P.S: I tried converting the results into a data frame or a table. However it didn't work.
Update: After using str()
> str(intern)
Formal class 'clValid' [package "clValid"] with 14 slots
..# clusterObjs:List of 1
.. ..$ hierarchical:List of 7
.. .. ..$ merge : int [1:2173, 1:2] -1673 -714 -1121 -1688 -1876 -1123 -1689 -1228 -429 -535 ...
.. .. ..$ height : num [1:2173] 0 0.001 0.001 0.001 0.001 ...
.. .. ..$ order : int [1:2174] 2165 2166 1950 1951 1954 1955 1577 1565 1564 1576 ...

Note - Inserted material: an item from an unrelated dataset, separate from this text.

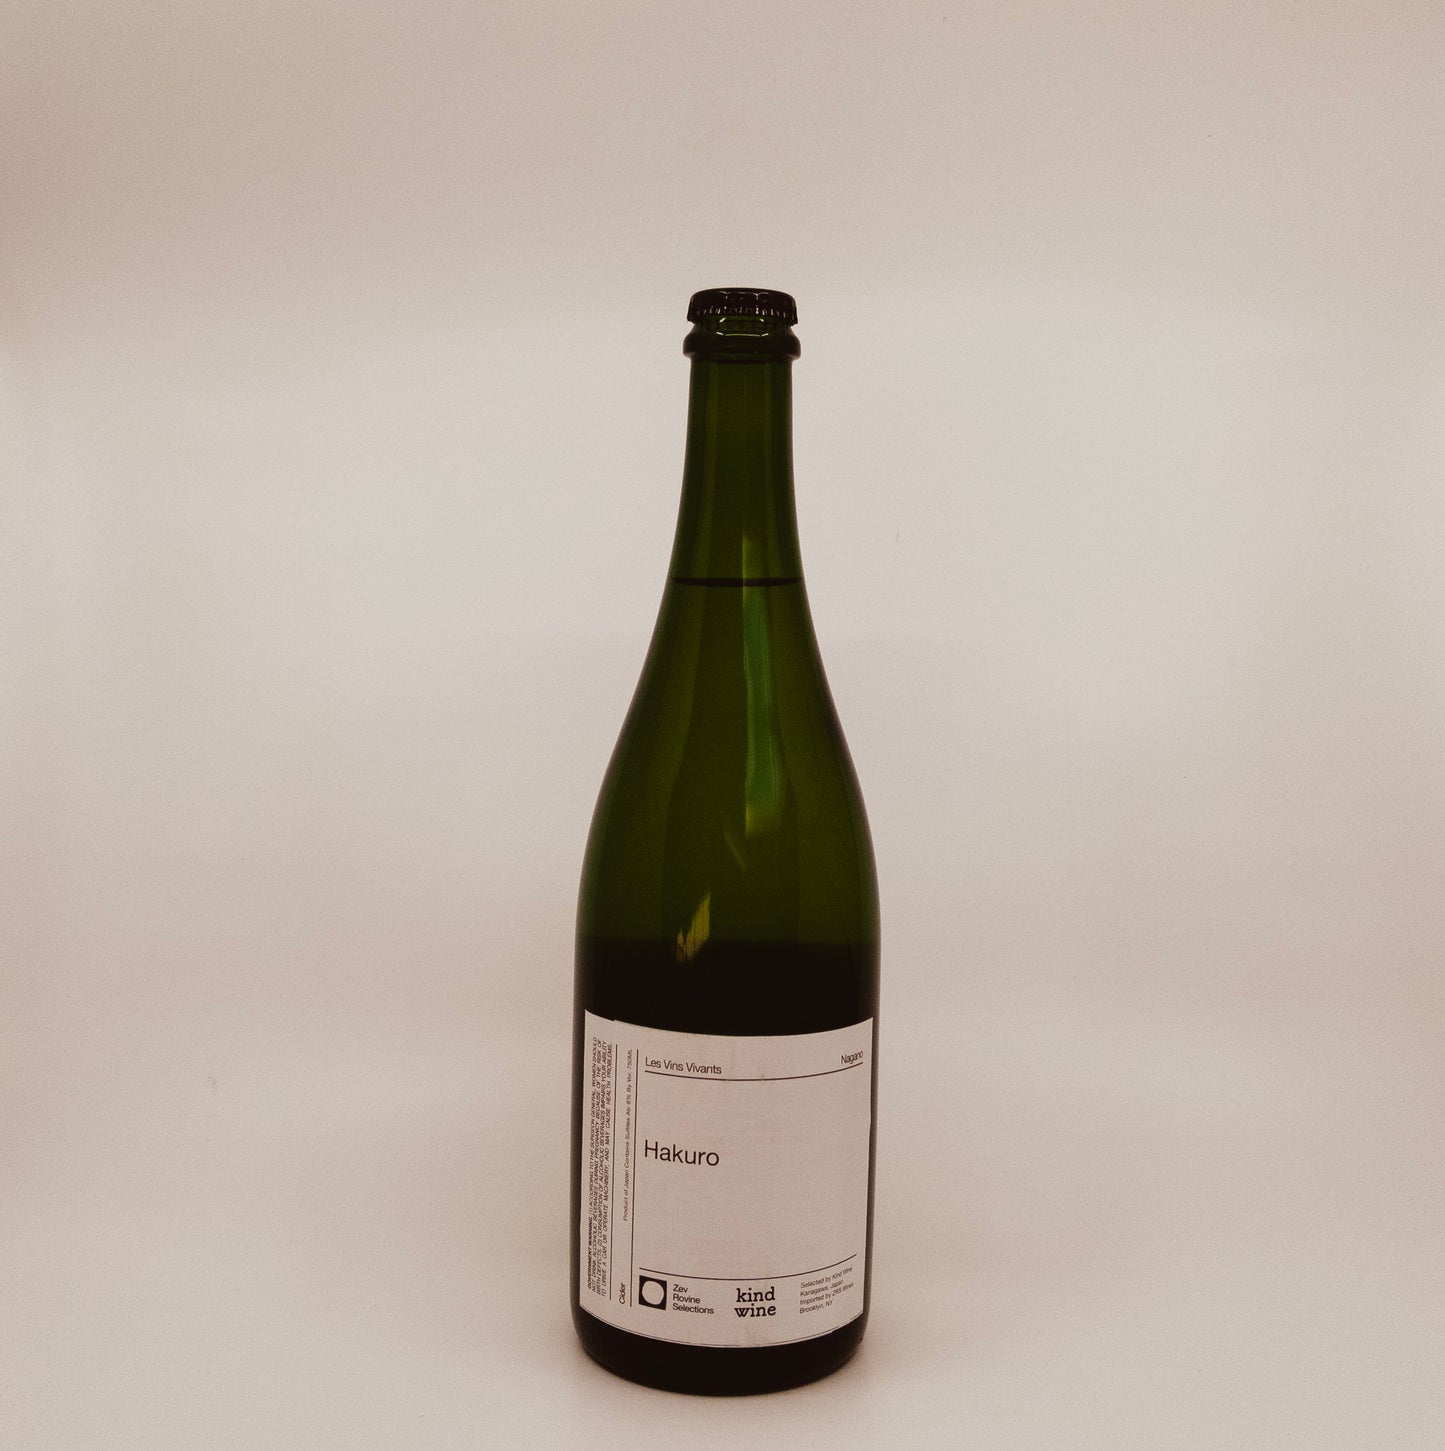 Les Vins Vivants Hakuro Nagano Cider (2020)

.. .. ..$ labels : chr [1:2174] "out_M_aacald_c_boundary" "out_M_12ppd_DASH_R_e_boundary" "out_M_12ppd_DASH_S_e_boundary" "in_M_14glucan_e_boundary" ...
.. .. ..$ method : chr "average"
.. .. ..$ call : language hclust(d = Dist, method = method)
.. .. ..$ dist.method: chr "euclidean"
.. .. ..- attr(*, "class")= chr "hclust"
..# measures : num [1:3, 1:9, 1] 3.874 4.095 0.959 3.874 0.881 ...
.. ..- attr(*, "dimnames")=List of 3
.. .. ..$ : chr [1:3] "Connectivity" "Dunn" "Silhouette"
.. .. ..$ : chr [1:9] "2" "3" "4" "5" ...
.. .. ..$ : chr "hierarchical"
..# measNames : chr [1:3] "Connectivity" "Dunn" "Silhouette"
..# clMethods : chr "hierarchical"
..# labels : chr [1:2174] "out_M_aacald_c_boundary" "out_M_12ppd_DASH_R_e_boundary" "out_M_12ppd_DASH_S_e_boundary" "in_M_14glucan_e_boundary" ...
..# nClust : num [1:9] 2 3 4 5 6 7 8 9 10
..# validation : chr "internal"
..# metric : chr "euclidean"
..# method : chr "average"
..# neighbSize : num 10
..# annotation : NULL
..# GOcategory : chr "all"
..# goTermFreq : num 0.05
..# call : language clValid(obj = primaryDataSource, nClust = 2:10, clMethods = c("Hierarchical"), validation = "internal", maxitems = 2200)
I guess the important section is
# measures : num [1:3, 1:9, 1] 3.874 4.095 0.959 3.874 0.881 ...
.. ..- attr(*, "dimnames")=List of 3
.. .. ..$ : chr [1:3] "Connectivity" "Dunn" "Silhouette"
.. .. ..$ : chr [1:9] "2" "3" "4" "5" ...
.. .. ..$ : chr "hierarchical"
when I executed >intern#measuresI got the below result.
2 3 4 5 6 7 8 9
Connectivity 3.8738095 3.8738095 8.2563492 10.9452381 16.0285714 18.6452381 20.6452381 22.645238
Dunn 4.0948837 0.8810494 0.6568857 0.8694067 0.8808228 1.0415614 1.0230197 1.026192
Silhouette 0.9591803 0.9879153 0.9784684 0.9751393 0.9727454 0.9728736 0.9727153 0.972622
10
Connectivity 24.6452381
Dunn 1.3724494
Silhouette 0.9725379
I'm able to get the max and access individual items based on the index. I want to get the maximum value for Silhouette.
intern#measures[1]
max(intern#measures)
Some additionnal explanation, when str() shows # signs, this points that the object you are inspecting is a S4 class with attributes. I am not familiar with clValid but a quick look at the source code shows that the clValid class inherits from S4.
You can access those using object#attribute. Typically these attributes can be anything.
Looking at the print function for clValid it seems that you can access the measures using the convenience function measures(object). Looking at the remaining source code for clValid there are utility functions that may be of use for you. Check optimalScores().